Review: The Book of Mormon

If you haven't heard of The Book of Mormon, you aren't really in tune with the Broadway scene. I'm serious. The show has won major awards since opening on Broadway in 2011 and has set ticket sale records for good reason. It's hilarious, smart and entertaining from start to finish.

The satirical piece follows two Mormon missionary companions to Uganda. From their start at missionary camp through to the end of the story, there were laughs and 'I can't believe they just did that' moments. Elder Price and Elder Cunningham are two mismatched missionaries. Price is an overachieving overly-confident kid who believes he is God's gift to the world while Cunningham is a weird socially awkward guy with no friends and a penchant for lying. The two are sent to Uganda (much to Price's dismay because he wanted to be sent to Orlando) and well...if the jokes about Mormonism weren't un-PC enough, the jokes about Africa could take an easily offended person right over the edge.

Luckily I'm not that easily offended.
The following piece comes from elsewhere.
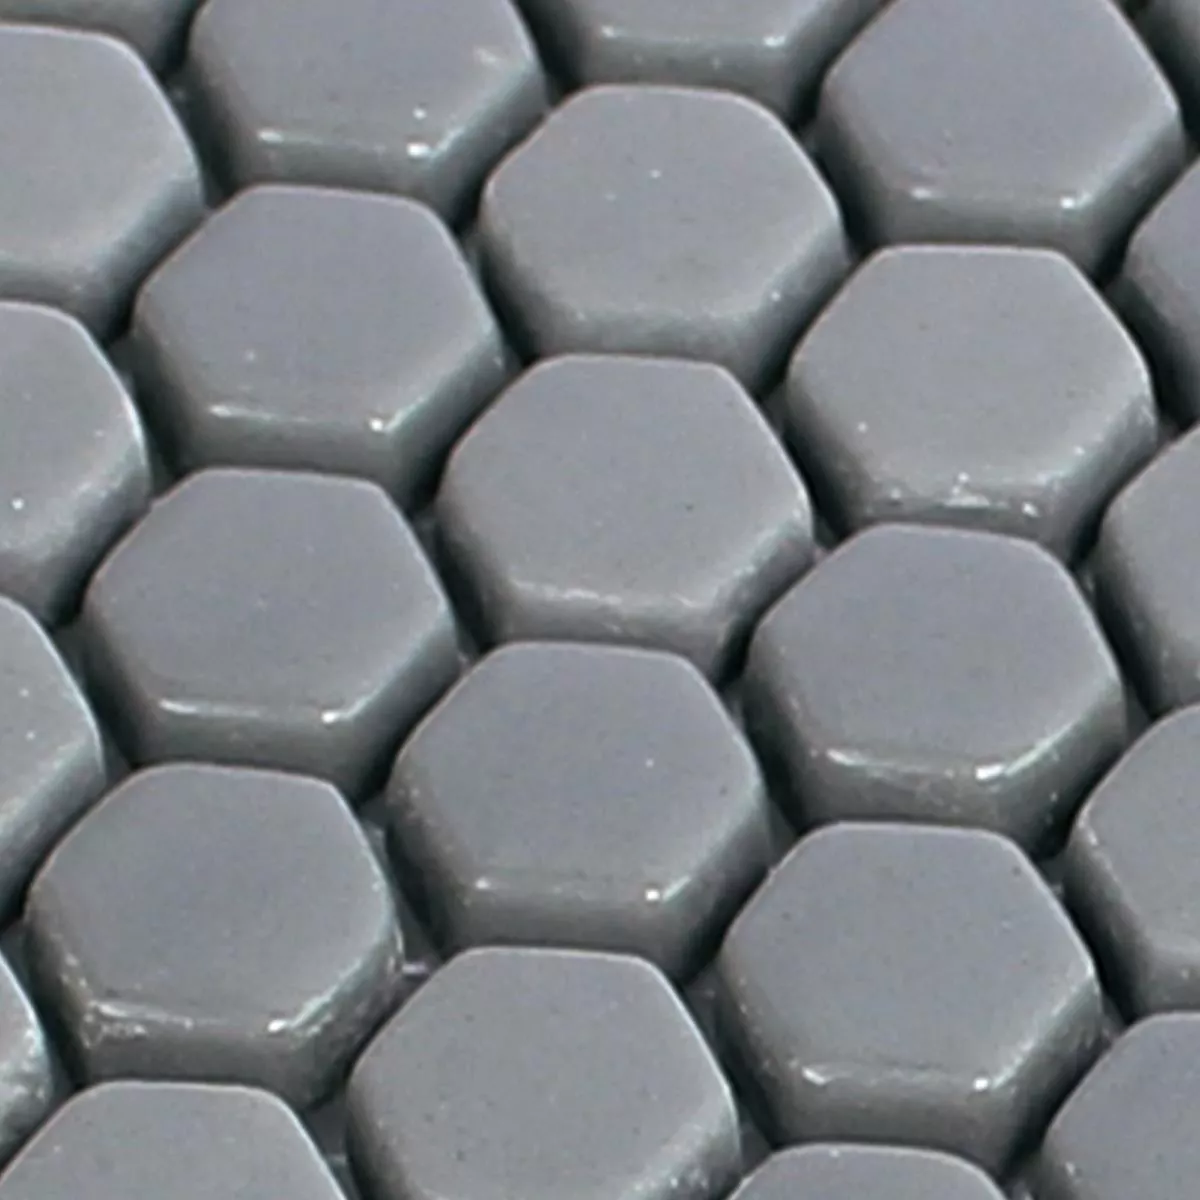 Muster von Glasmosaik Fliesen Brockway Hexagon Eco Grau

Most of the points that the creators were making were valid, even though they were done in a way that may not have been PC for most. I don't know enough, or really anything about Mormonism (besides the mission and the full bodied underwear they have to wear) to really discuss any of the criticisms in detail, but understand enough to know that - yeah, it does seem strange that Joseph Smith never showed anyone the gold plates. WHERE ARE THE GOLD PLATES. It was facts like that that the creators of the show really hammered into.
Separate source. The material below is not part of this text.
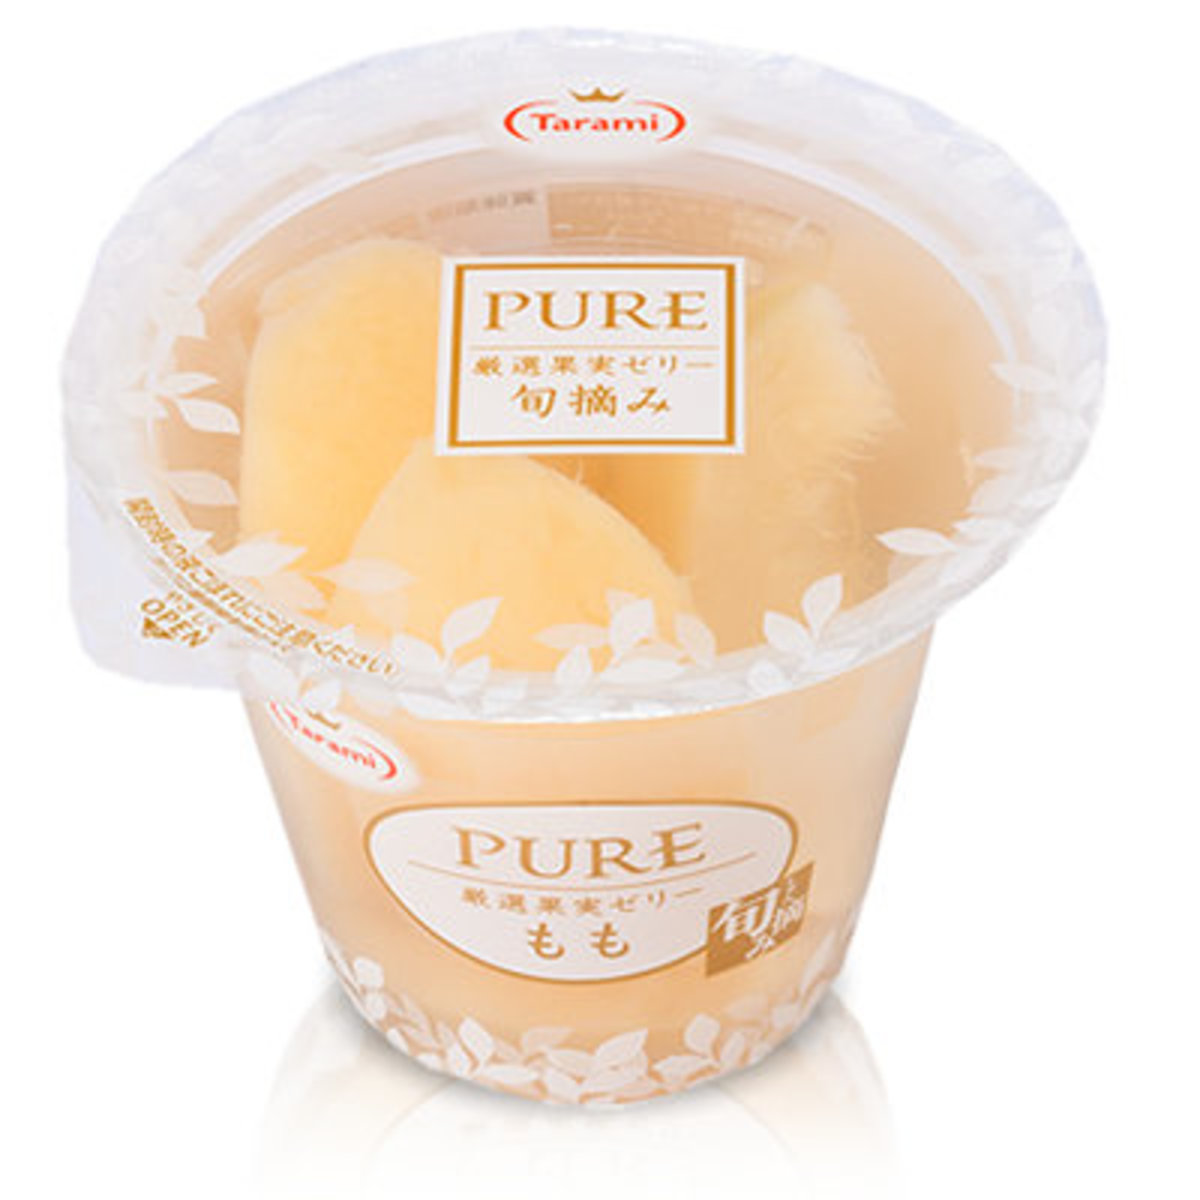 Tarami Pure Peach Jelly 270g Hktvmall Online Shopping

I was really surprised how well they balanced the awful things that have happened in Africa (i.e. female circumcision, widespread AIDS, and warlord suppression of people) with humour. It was probably because they cut that tension right away with the first song when the missionaries arrived in Africa called Hasa Diga Eebowai. A saying that has the same purpose as Hakuna Matata from The Lion King, but then it turns out that when the Africans are feeling bad and upset the thing that they are saying to make themselves feel better was translated to 'F you God'. Much to the horror or the missionaries.

When we left the theatre, I expected to see some horrified faces. We are living in one of the most conservative places in the country, so it wouldn't be too odd to see a few, but this audience didn't seem to phased by the whole thing. Maybe those people stayed away. The full run of the show, brought to us by Broadway Across Canada, in Calgary was sold out months before it arrived.

If you ever get the chance to see The Book of Mormon, do it. You will not be disappointed.*

Verdict: 4.3 Stars


*Unless of course you are a Mormon, in which case, I would suggest you not see it because you will most definitely be offended.